- _ENTRIES SHOWN_:

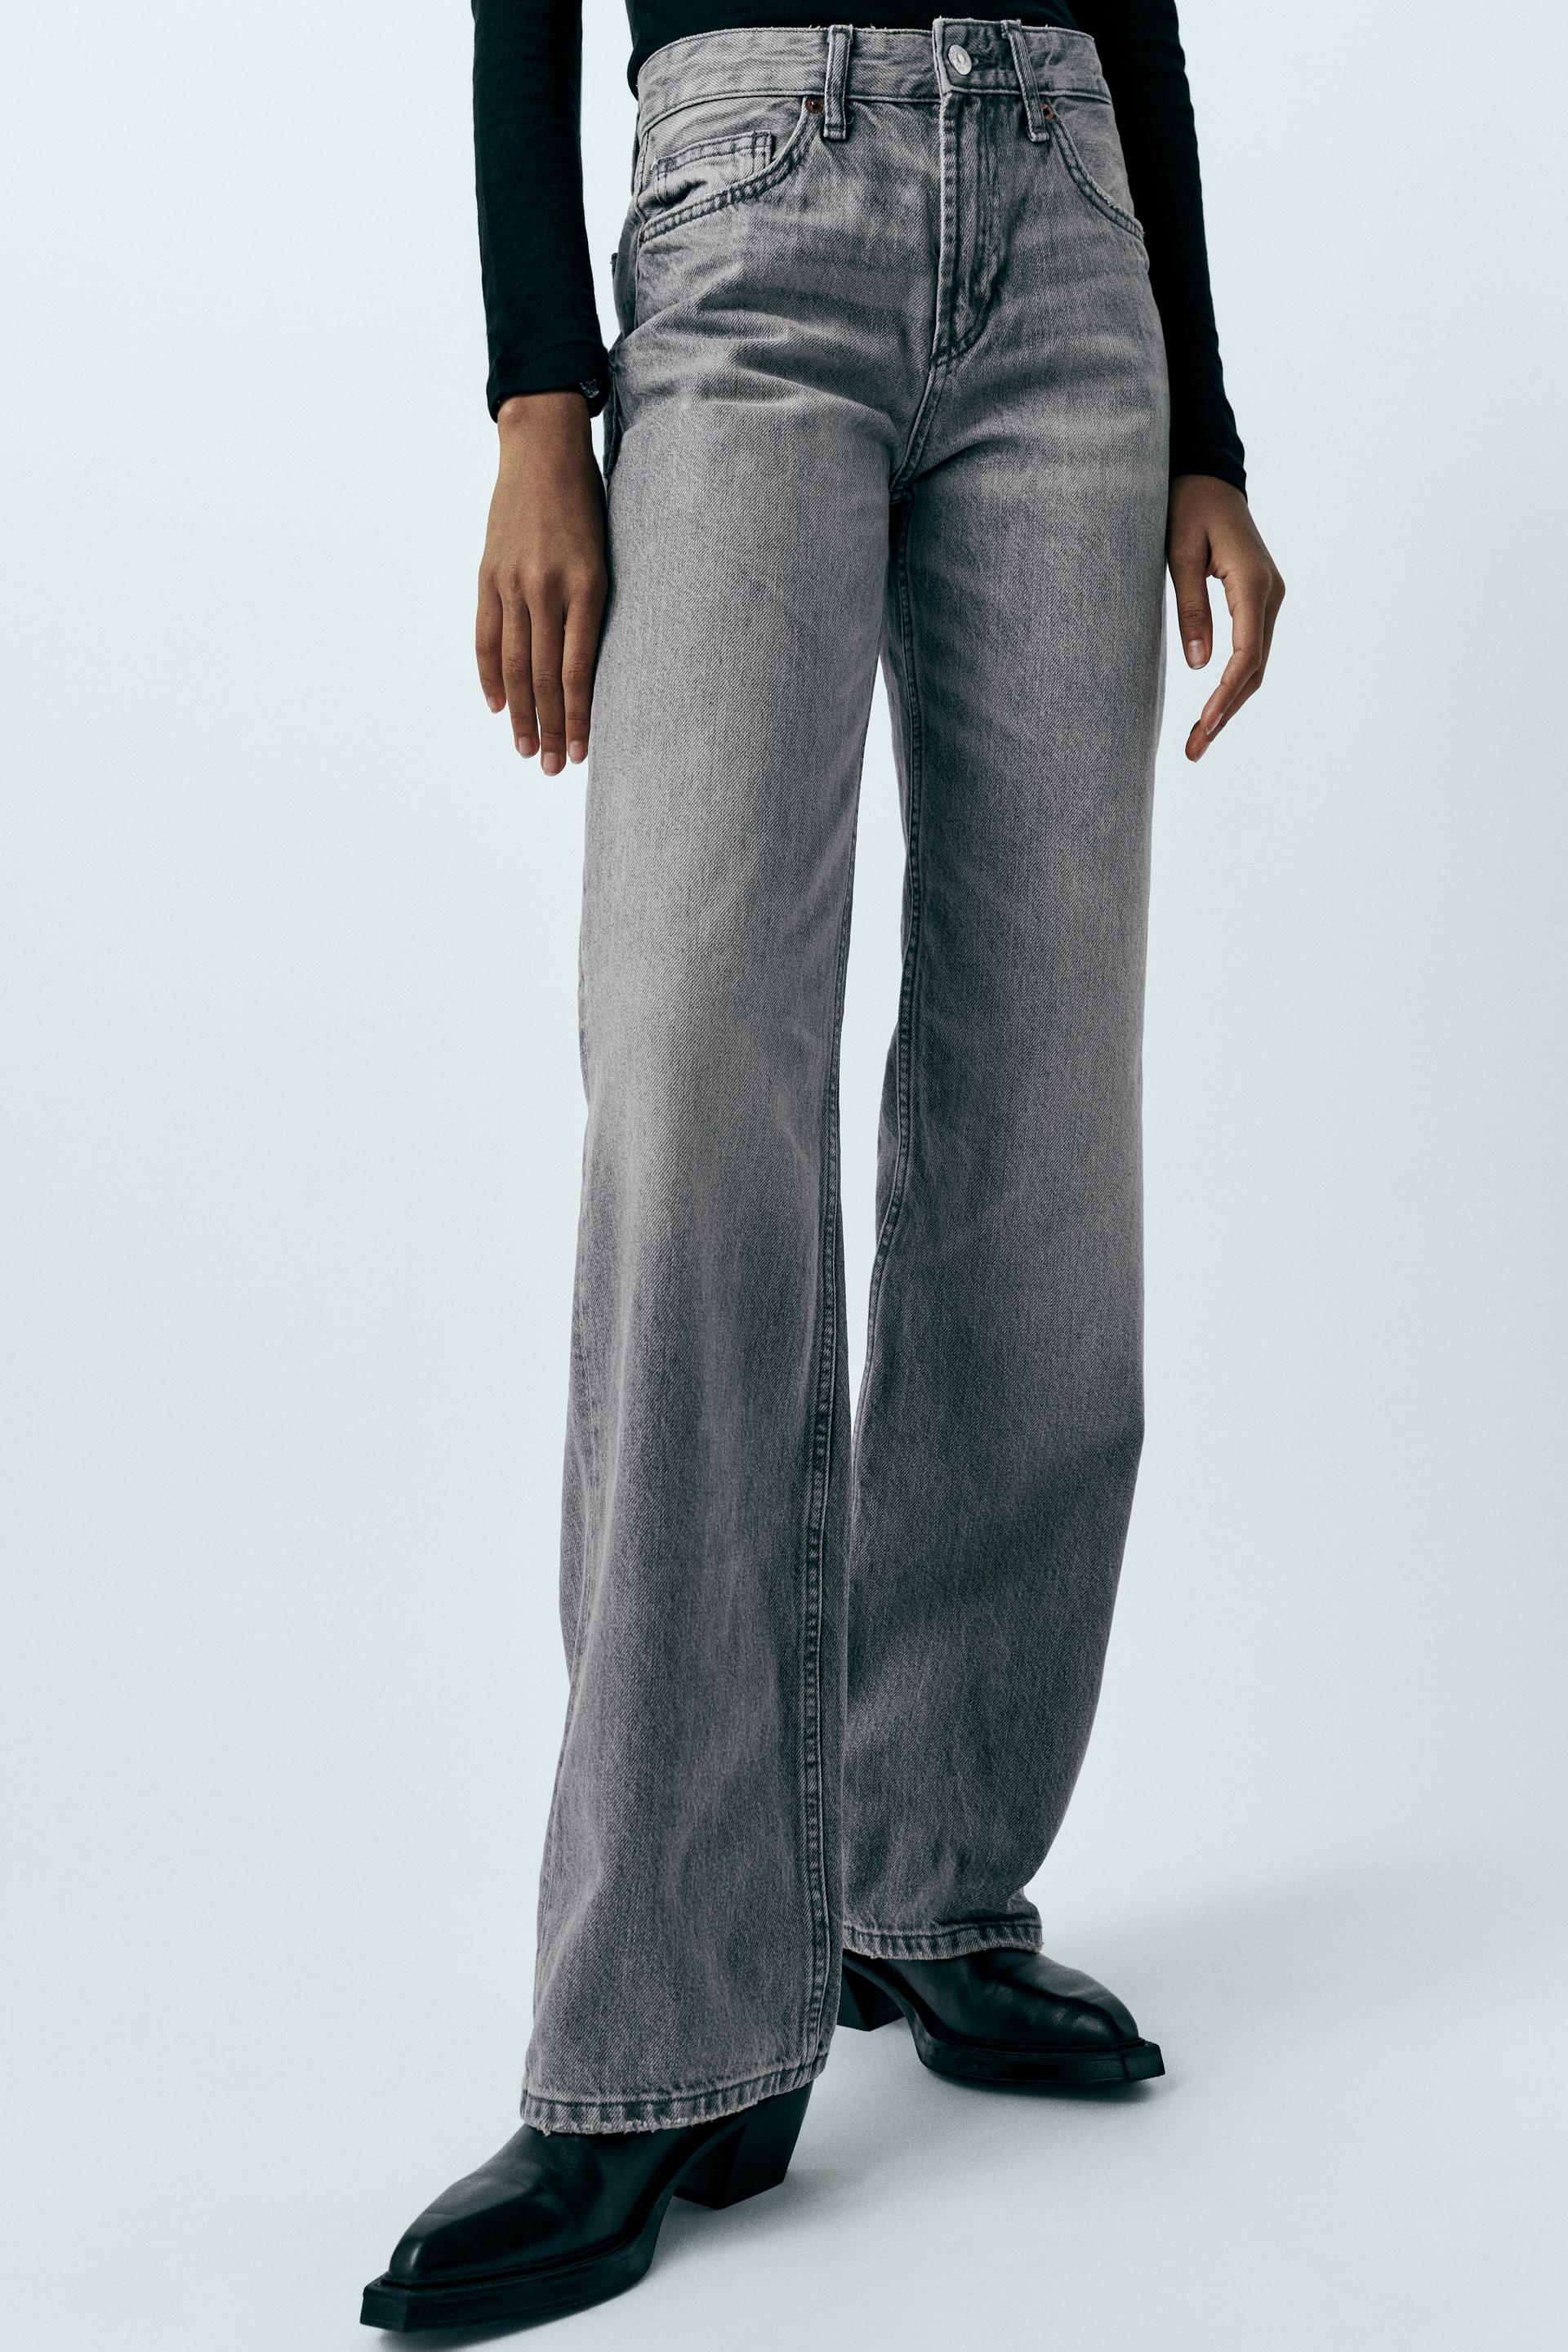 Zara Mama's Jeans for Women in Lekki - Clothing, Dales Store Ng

* * *

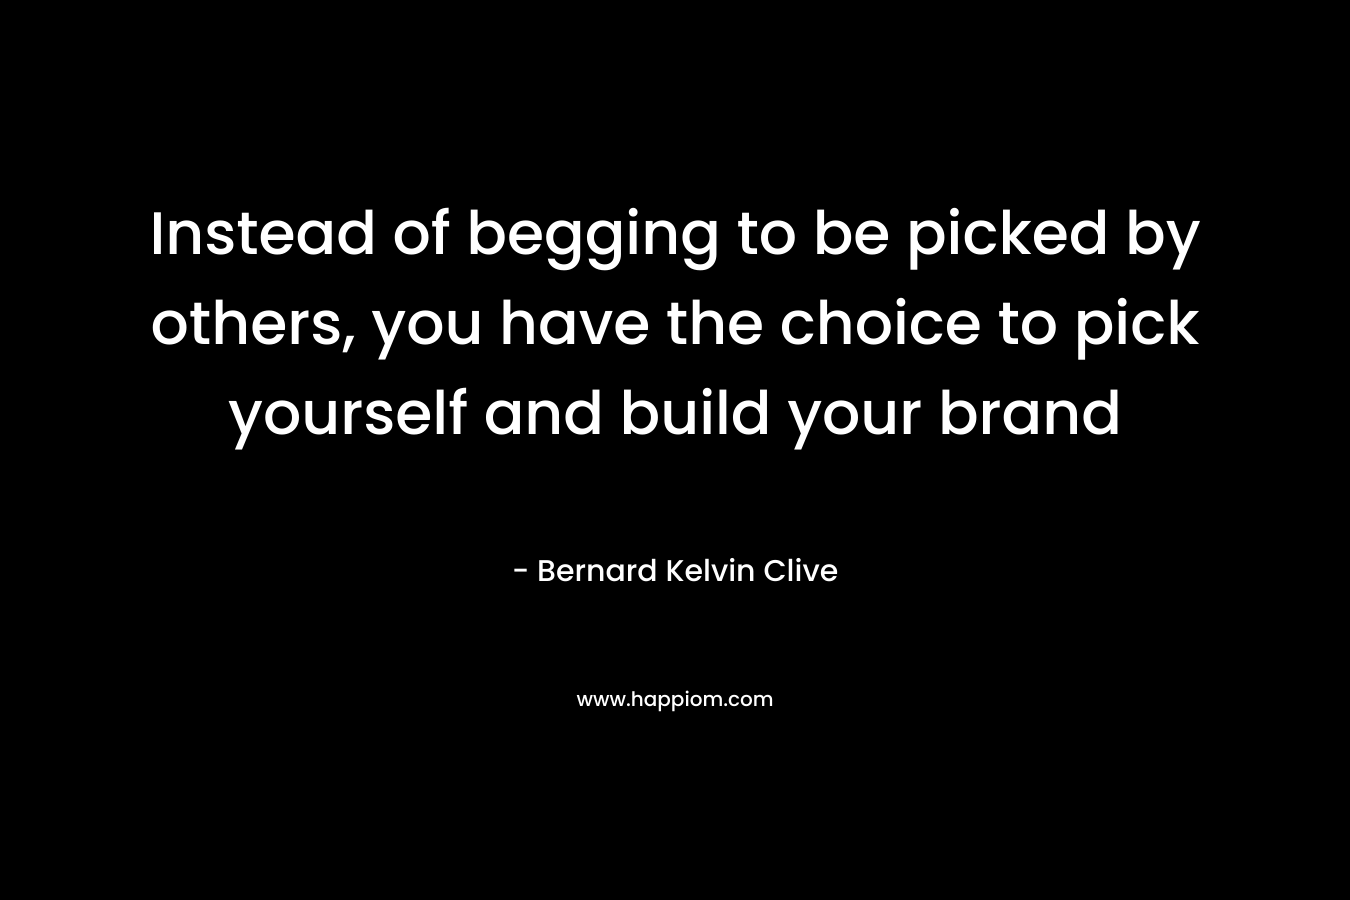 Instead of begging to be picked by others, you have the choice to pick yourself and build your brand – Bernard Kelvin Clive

* * *

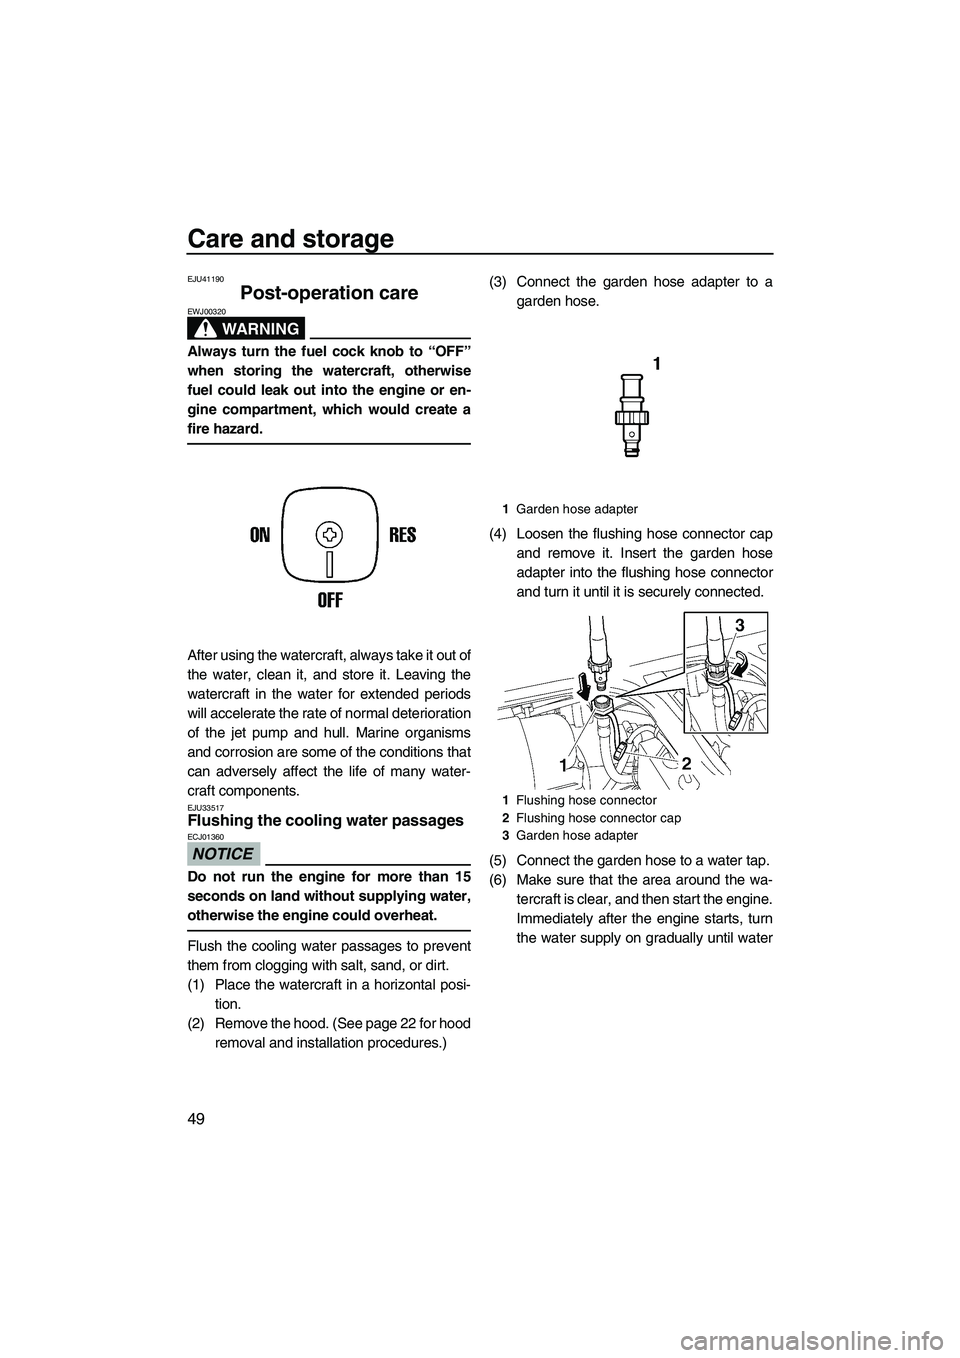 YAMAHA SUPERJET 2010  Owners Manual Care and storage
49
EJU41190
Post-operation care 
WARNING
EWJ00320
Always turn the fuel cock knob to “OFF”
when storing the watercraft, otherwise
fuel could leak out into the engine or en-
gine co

- _WORK TO BE COMPLETED_:
In the entries above, count the lines that contain the string "fuel" and reply with the number only.

- _ANSWER SPACE_:
2